“Old Spenser next, warmed
with poetic rage,
In ancient tales amused a
barbarous age;
An age that, yet uncultivated
and rude,
Wher’er the poet’s
fancy led, pursued,
Through pathless fields and
unfrequented floods,
To dens of dragons and enchanted
woods.
But now the mystic tale, that
pleased of yore,
Can charm an understanding
age no more.
The long-spun allegories fulsome
grow,
While the dull moral lies
too plain below,
We view well pleased at distance
all the sights
Of arms and palfreys, battles,
fields and fights,
And damsels in distress and
courteous knights,
But when we look too near,
the shades decay
And all the pleasing landscape
fades away.”
Addison acknowledged to Spence that, when he wrote this passage, he had never read Spenser! As late as 1754 Thomas Warton speaks of him as “this admired but neglected poet,"[20] and Mr. Kitchin asserts that “between 1650 and 1750 there are but few notices of him, and a very few editions of his works."[21] There was a reprint of Spenser’s works—being the third folio of the “Faerie Queene”—in 1679, but no critical edition till 1715. Meanwhile the title of a book issued in 1687 shows that Spenser did not escape that process of “improvement” which we have seen applied to Shakspere: “Spenser Redivivus; containing the First Book of the ’Faery Queene.’ His Essential Design Preserved, but his Obsolete Language and Manner of Verse totally laid aside. Delivered in Heroic Numbers by a Person of Quality.” The preface praises Spenser, but declares that “his style seems no less unintelligible at this day than the obsoletest of our English or Saxon dialect.” One instance of this deliverance into heroic numbers must suffice:
“By this the northern wagoner had set
His sevenfold team behind the steadfast star
That was in ocean waves yet never wet,
But firm is fixed, and sendeth light from far
To all that in the wide deep wandering are.”
—Spenser.[22]
In 1715 John Hughes published his edition of Spenser’s works in six volumes. This was the first attempt at a critical text of the poet, and was accompanied with a biography, a glossary, an essay on allegorical poetry, and some remarks on the “Faerie Queene.” It is curious to find in the engravings, from designs by Du Guernier, which illustrate Hughes’ volumes, that Spenser’s knights wore the helmets and body armor of the Roman legionaries, over which is occasionally thrown something that looks very much like a toga.
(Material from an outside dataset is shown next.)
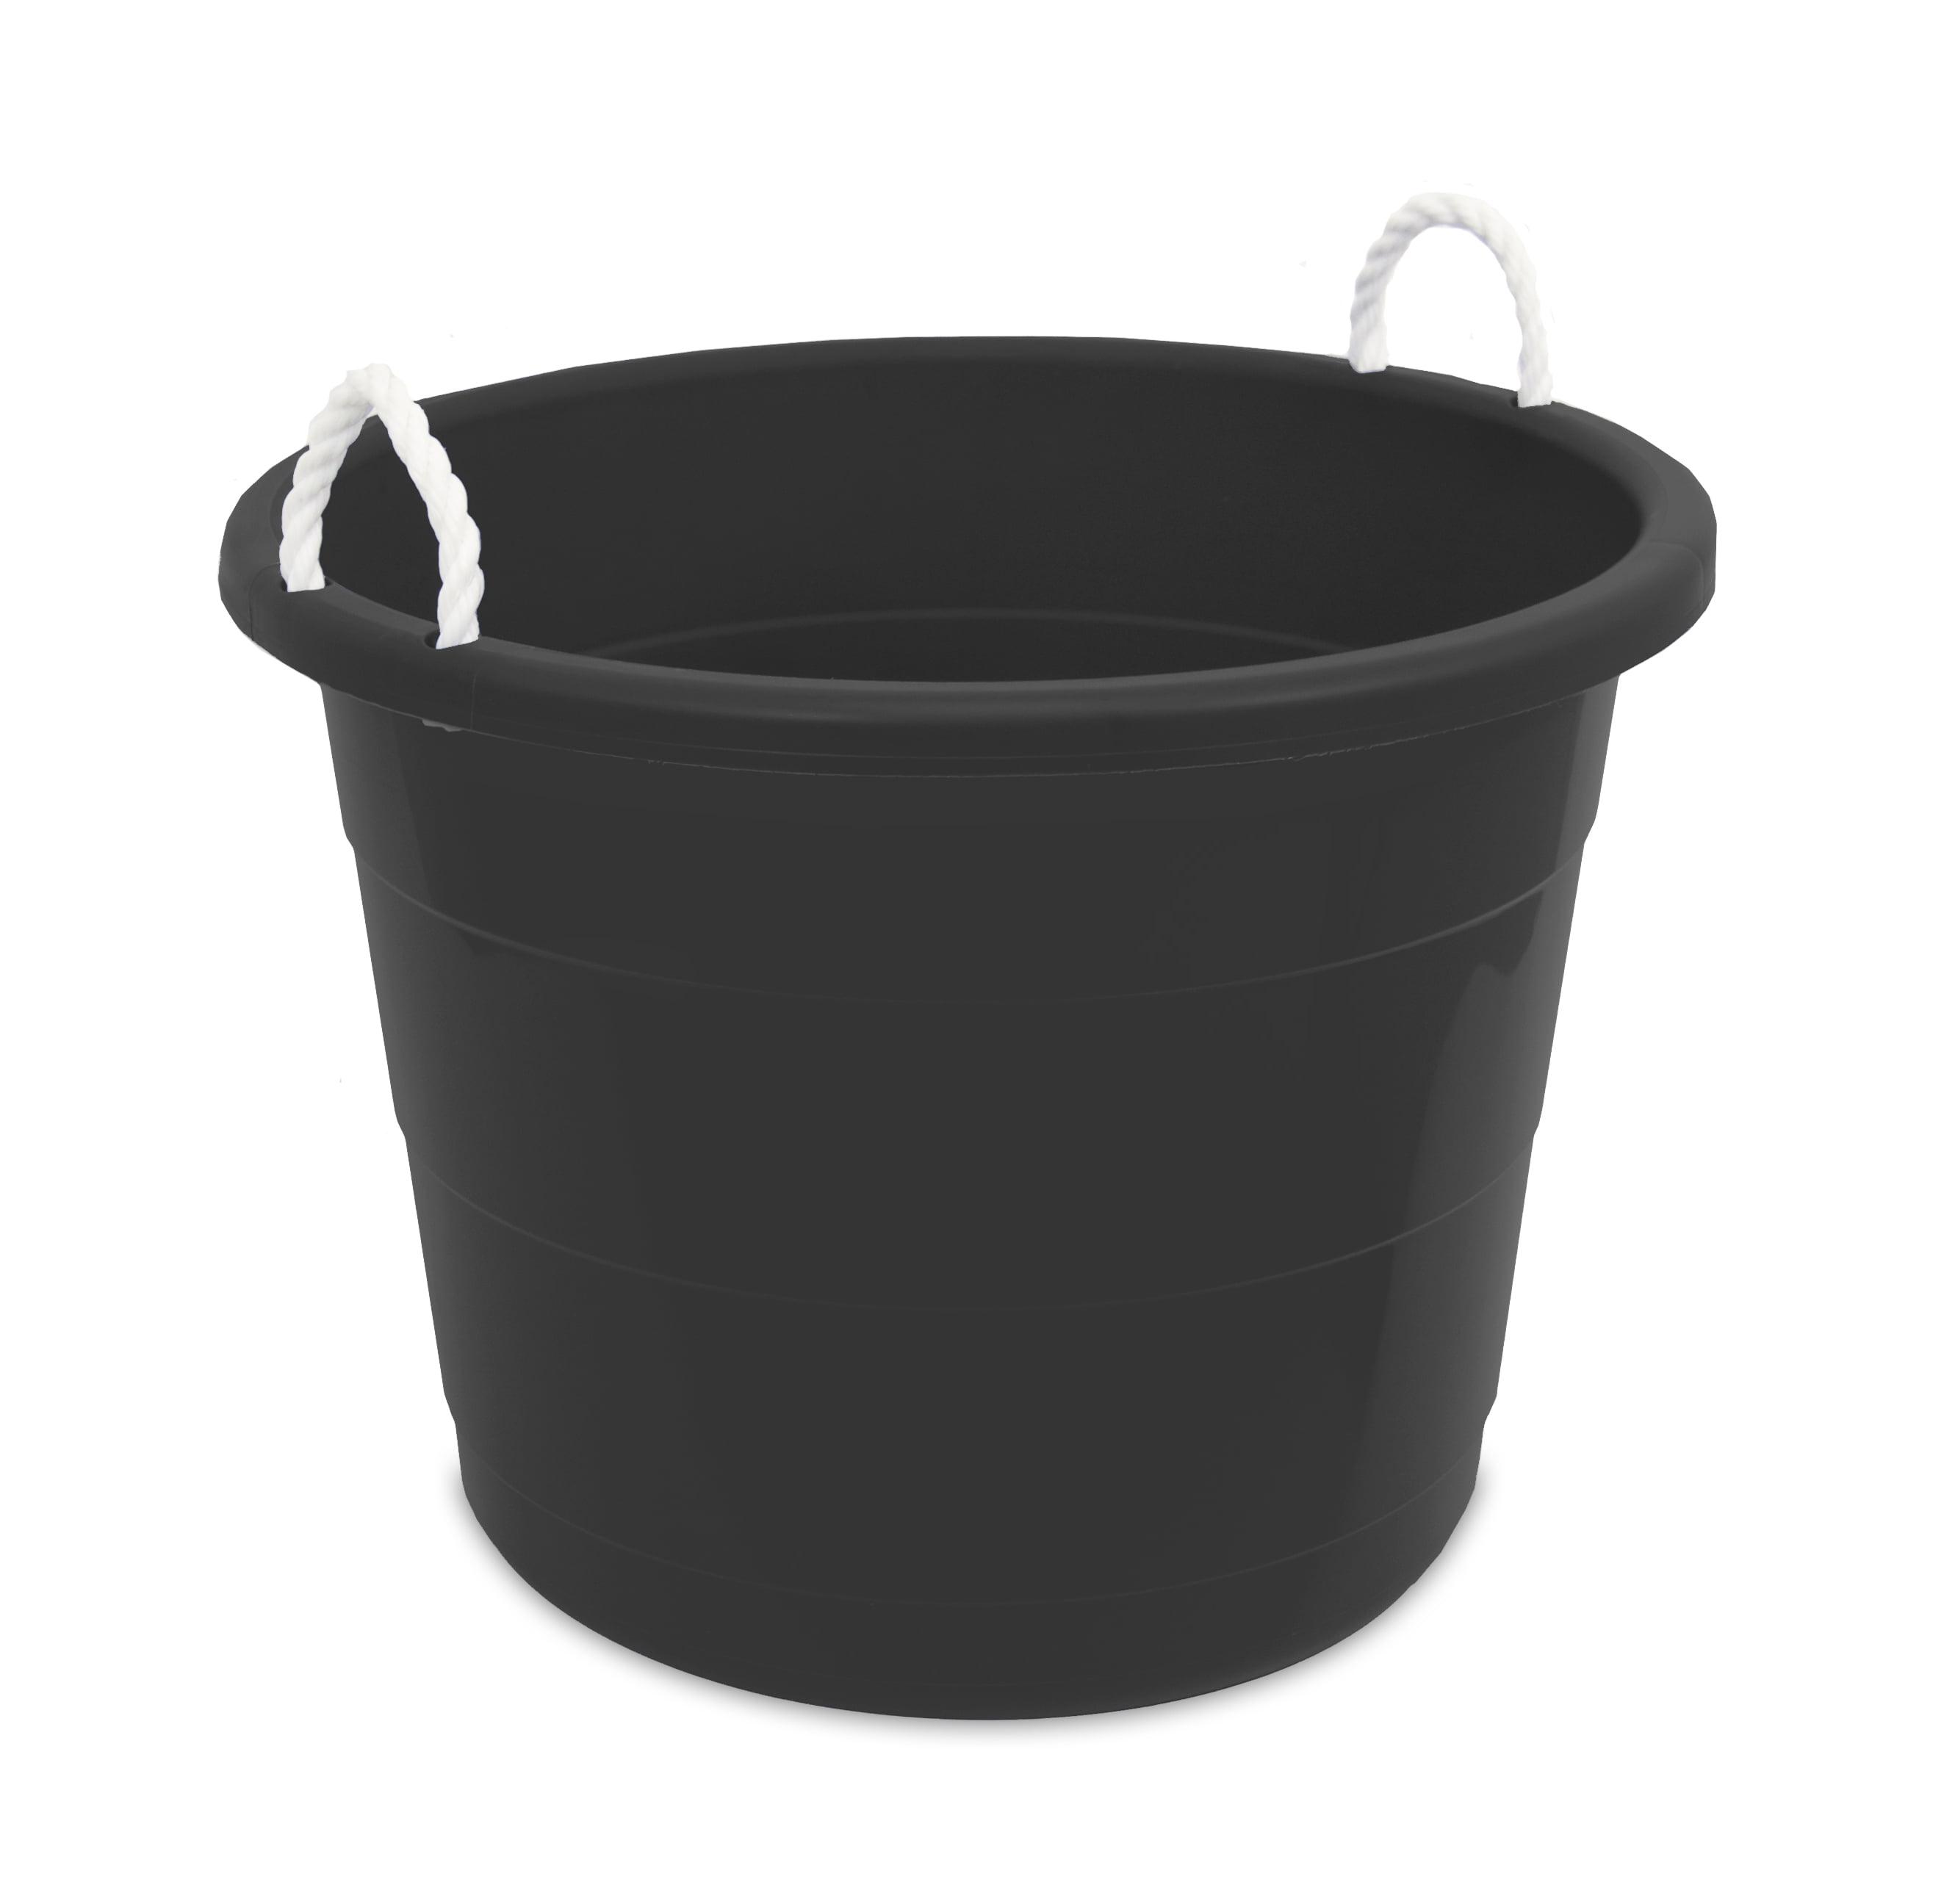 Mainstays Flexible Tub with Rope Handles - Plastic Durable

The lists in which they run a tilt have the facade of a Greek temple for a background. The house of Busyrane is Louis Quatorze architecture, and Amoret is chained to a renaissance column with Corinthian capital and classical draperies. Hughes’ glossary of obsolete terms includes words which are in daily use by modern writers: aghast, baleful, behest, bootless, carol, craven, dreary, forlorn, foray, guerdon, plight, welkin, yore. If words like these, and like many which Warton annotates in his “Observations,” really needed explanation, it is a striking proof, not only of the degree in which our older poets had been forgotten, but also of the poverty to which the vocabulary of English poetry had been reduced by 1700.